▶ **INSTRUCTIONS FOR THE TASK**
Please repeat each line below exactly, with no images in the copy.

▶ **GIVEN DATA**

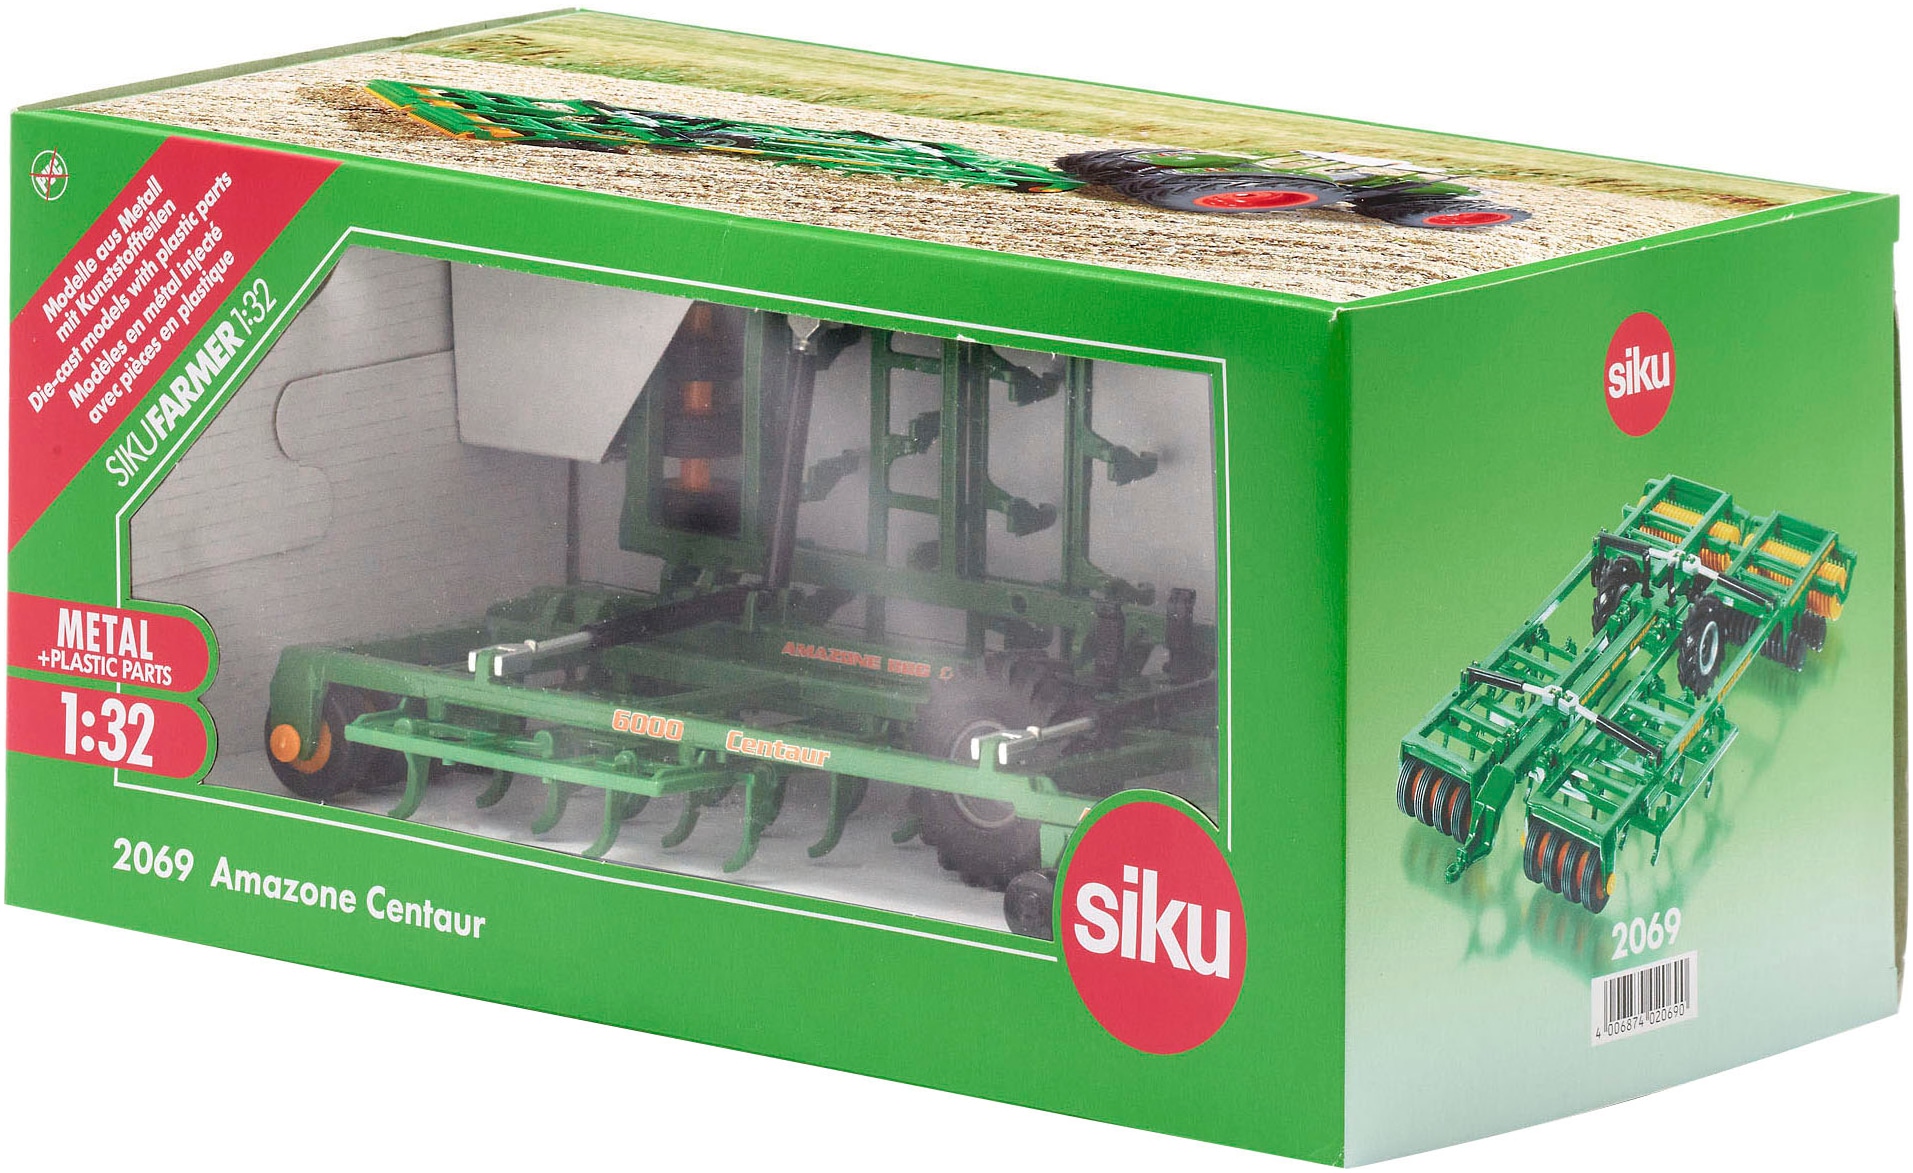 Siku Spielzeug-Landmaschine »Siku Farmer, Amazone Centaur (2069)«, Made in Europe
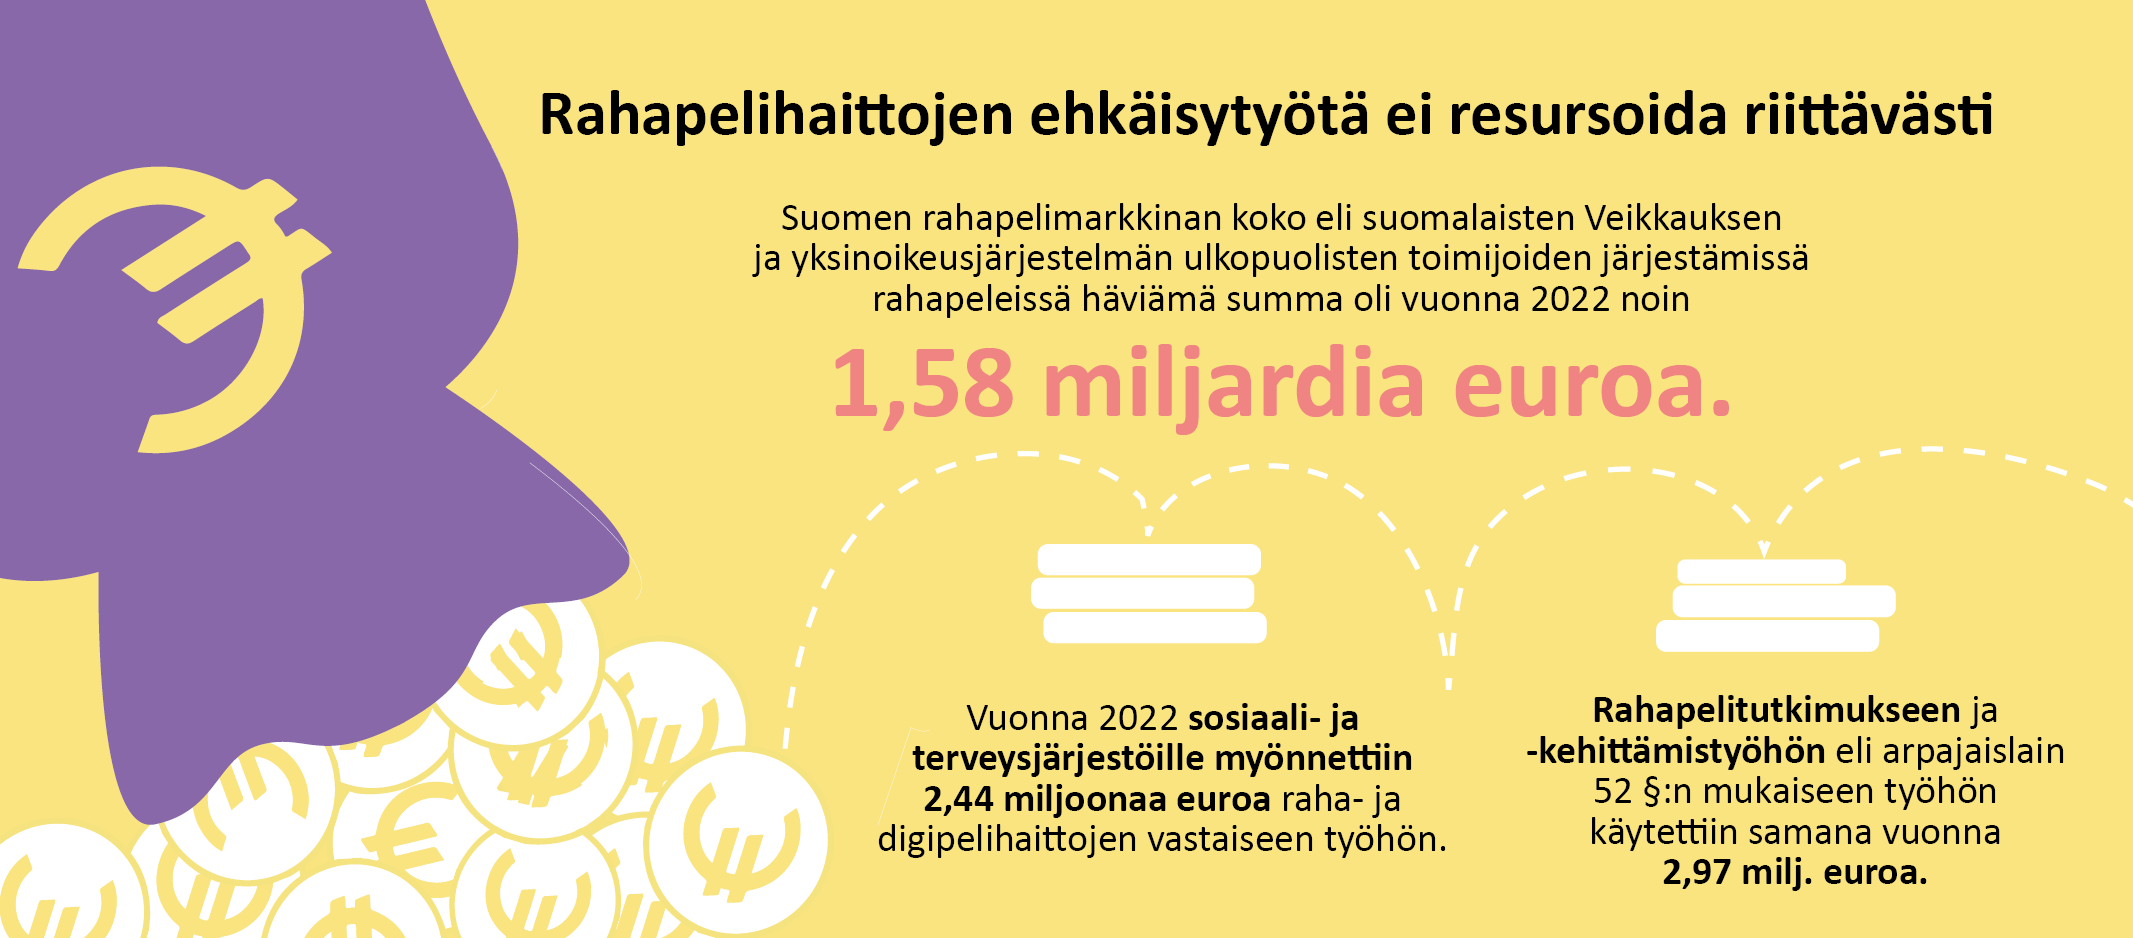 Suomen rahapelimarkkinan koko eli suomalaisten Veikkauksen  ja yksinoikeusjärjestelmän ulkopuolisten toimijoiden järjestämissä  rahapeleissä häviämä summa oli vuonna 2022 noin 1,58 miljardia euroa. Vuonna 2022 sosiaali- ja  terveysjärjestöille myönnettiin  2,44 miljoonaa euroa raha- ja  digipelihaittojen vastaiseen työhön. Rahapelitutkimukseen ja  -kehittämistyöhön eli arpajaislain  52 §:n mukaiseen työhön  käytettiin samana vuonna  2,97 milj. euroa. 
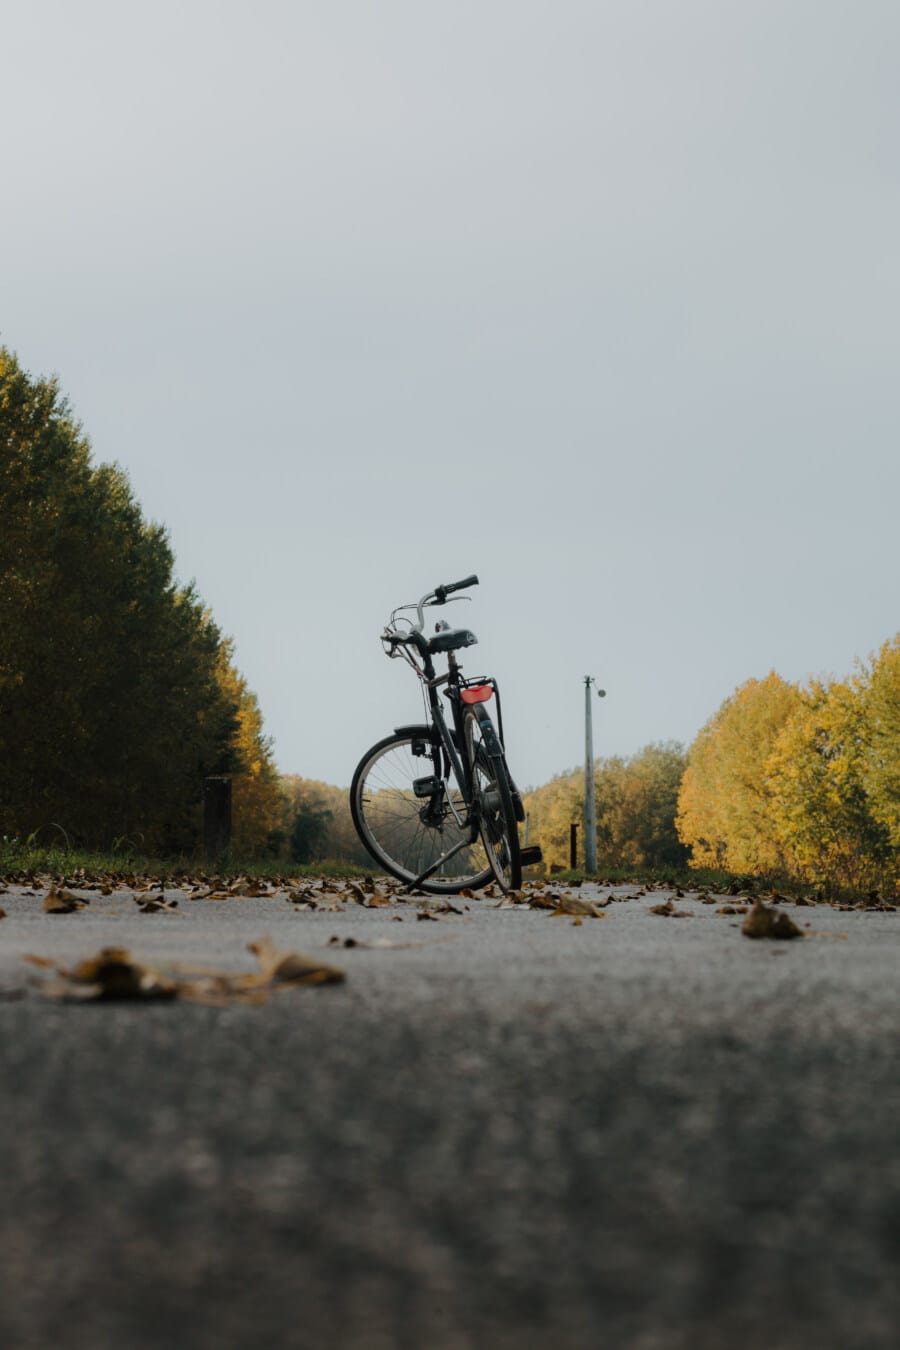 klasično, bicikl, starinski, asfalt, cesta, suho, lišće, vozila, na otvorenom, krajolik

▶ **RESULT**
 Siku Spielzeug-Landmaschine »Siku Farmer, Amazone Centaur (2069)«, Made in Europe
 Suomen rahapelimarkkinan koko eli suomalaisten Veikkauksen  ja yksinoikeusjärjestelmän ulkopuolisten toimijoiden järjestämissä  rahapeleissä häviämä summa oli vuonna 2022 noin 1,58 miljardia euroa. Vuonna 2022 sosiaali- ja  terveysjärjestöille myönnettiin  2,44 miljoonaa euroa raha- ja  digipelihaittojen vastaiseen työhön. Rahapelitutkimukseen ja  -kehittämistyöhön eli arpajaislain  52 §:n mukaiseen työhön  käytettiin samana vuonna  2,97 milj. euroa. 
 klasično, bicikl, starinski, asfalt, cesta, suho, lišće, vozila, na otvorenom, krajolik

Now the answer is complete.